SSE: Difference between _mm_load/store vs. using direct pointer access

Peter picture Peter · Jun 14, 2012 · Viewed 7.3k times · Source

Suppose I want to add two buffers and store the result. Both buffers are already allocated 16byte aligned. I found two examples how to do that.

The first one is using _mm_load to read the data from the buffer into an SSE register, does the add operation and stores back to the result register. Until now I would have done it like that.

void _add( uint16_t * dst, uint16_t const * src, size_t n )
{
  for( uint16_t const * end( dst + n ); dst != end; dst+=8, src+=8 )
  {
    __m128i _s = _mm_load_si128( (__m128i*) src );
    __m128i _d = _mm_load_si128( (__m128i*) dst );

    _d = _mm_add_epi16( _d, _s );

    _mm_store_si128( (__m128i*) dst, _d );
  }
}

The second example just did the add operations directly on the memory addresses without load/store operation. Both seam to work fine.

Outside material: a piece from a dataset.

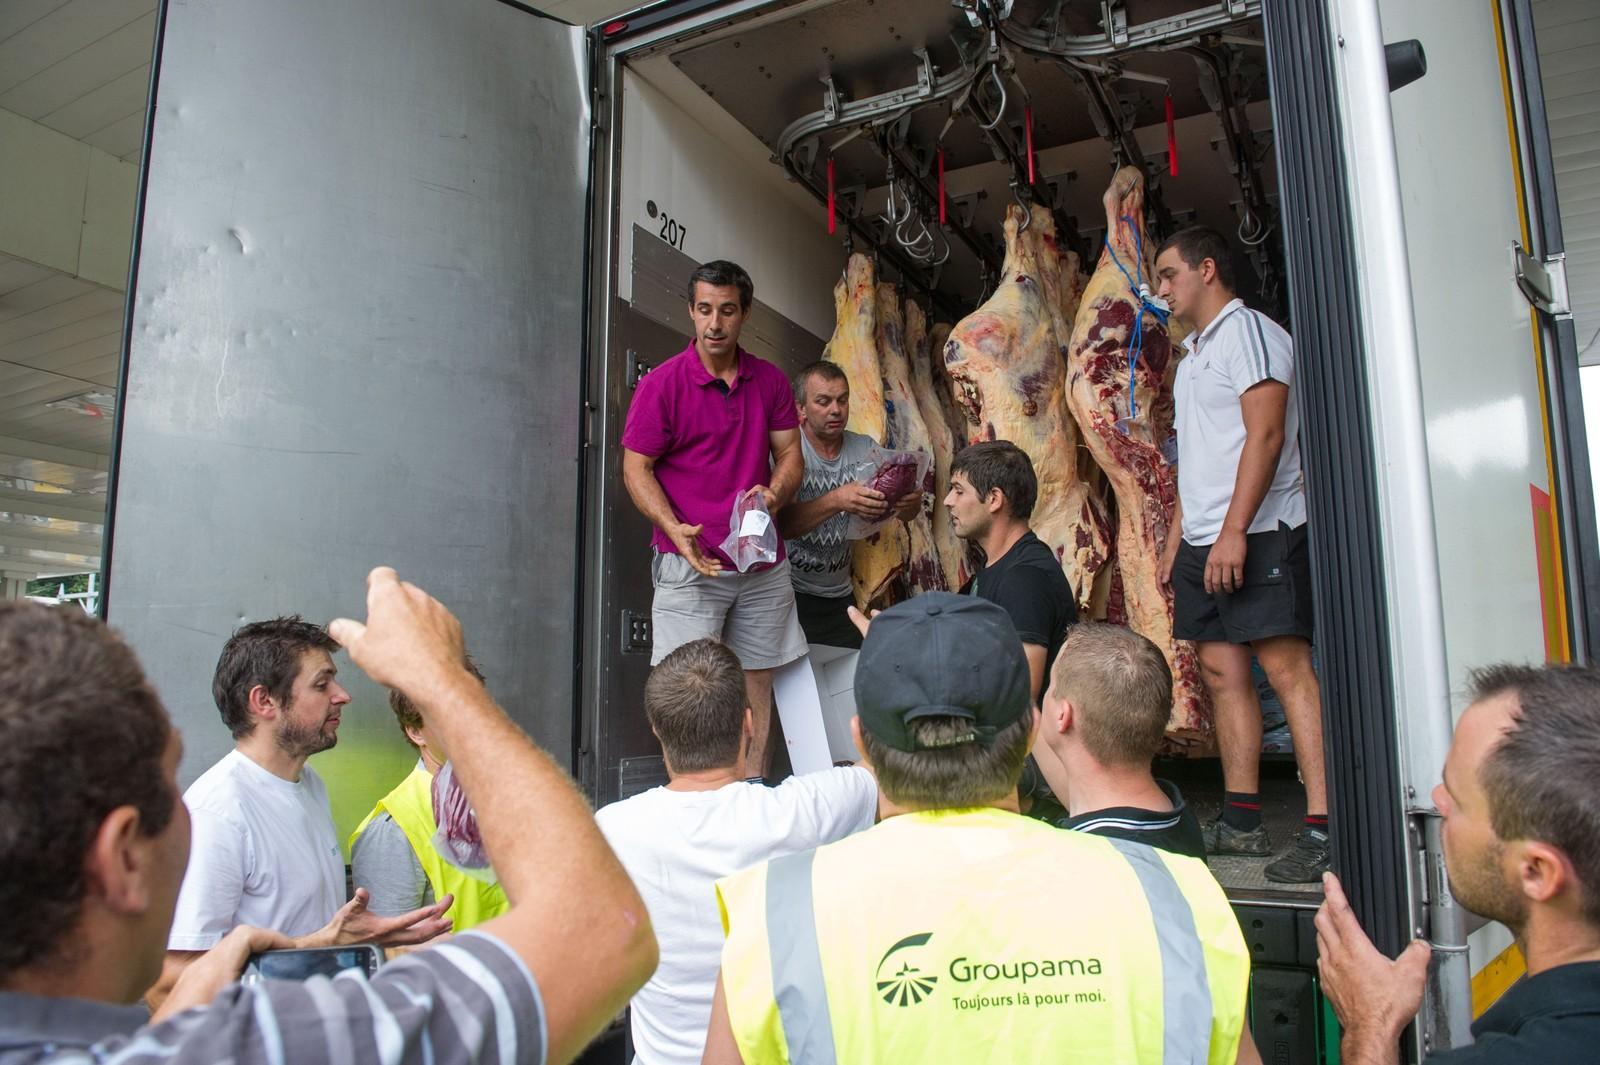 Franske bønder på motorveien A36 mellom Sochaux og Besancon tømmer en lastebil med dansk kjøtt som er bearbeidet i Tyskland.

void _add( uint16_t * dst, uint16_t const * src, size_t n )
{
  for( uint16_t const * end( dst + n ); dst != end; dst+=8, src+=8 )
  {
    *(__m128i*) dst = _mm_add_epi16( *(__m128i*) dst, *(__m128i*) src );
  }
}

So the question is if the 2nd example is correct or may have any side effects and when to use load/store is mandatory.

Thanks.

Answer

Paul R picture Paul R · Jun 14, 2012

Both versions are fine - if you look at the generated code you will see that the second version still generates at least one load to a vector register, since PADDW (aka _mm_add_epi16) can only get its second argument directly from memory.

In practice most non-trivial SIMD code will do a lot more operations between loading and storing data than just a single add, so in general you probably want to load data initially to vector variables (registers) using _mm_load_XXX, perform all your SIMD operations on registers, then store the results back to memory via _mm_store_XXX.